8.         Very few will help with church activities and parties.

            The man I was talking to stopped me.  He said, “Jon, you misunderstood what I asked, I wanted you to tell me about how the members of the church were in Hungary, not here in Scottsdale!”

            So people are the same all over the world!  President Monson, what a sweet man, was the prime example of filling one’s life in the work of the Lord.  Always worrying about the poor, the sick, the needy.  Always stopping off at a hospital or a care facility or a home to visit someone who needed to know that they were loved and that someone knew they were alive.  How long of a reception line do you think he had when he awoke in Paradise?  Think of the thousands and thousands of people whom he touched.  Think of those who wondered if they were worth anything and then have the prophet of God walk into their room and say, “Hi, could I please visit with you?”  Alma 5:14 “And now behold, I ask of you, my brethren of the church, have ye spiritually been born of God? Have ye received his image in your countenances? Have ye experienced this mighty change in your hearts?”  Thomas S Monson was the epitome of such a person.

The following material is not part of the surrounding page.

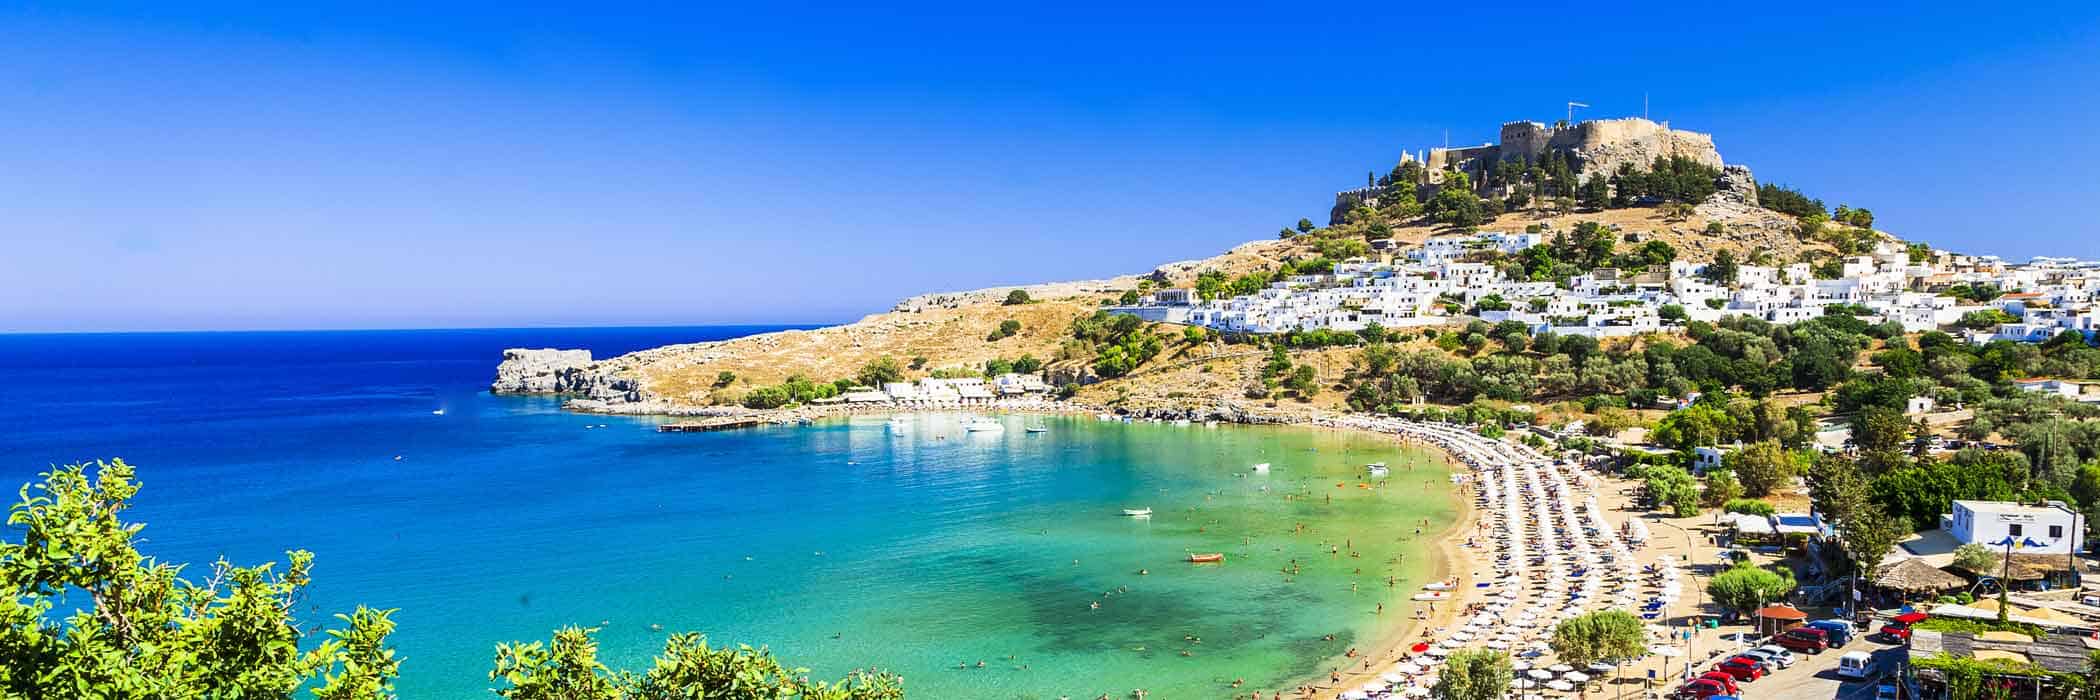 Villa Holidays To Greece

            You ask what your mom and I are doing in Hungary.  Simply trying to be 1/1000th of the person that Thomas S. Monson was.  If we succeed, we will have reached many people who wonder every day, “Does anyone know I am here?”  We have come to realize that the truly lonely and needy are not the ones begging on the streets.  It is the destitute trying to pay the bills, make sure that heat in coming in the house, worrying about food for their children.  They are the silent ones.  The problem, they are the hardest to find.  But those are the ones that Thomas S. Monson was able to find.  Those are the ones that we are attempting to find.  Are we having success, absolutely.  We have been called of God to be the face of Jesus Christ in helping the poor and the needy.  We have been directed in miraculous ways to find those that need help.  It is not Jane and Jon Moser being successful.  We would have failed the first month a year ago if it was left to us.  With the Lords guidance and direction, all success we have had and that we will have is because of Him whom we love, honor, cherish, obey and serve. 

            We thank God for sending us Thomas S. Monson to set an example how we all should deal with those in need.  How we should treat all people, with kindness and respect.  May we never lose the memories of Thomas S. Monson.  May we always try to emulate his example of showing love to all people.  If we do, we are only in the service of our God and what could be more rewarding than serving the Master?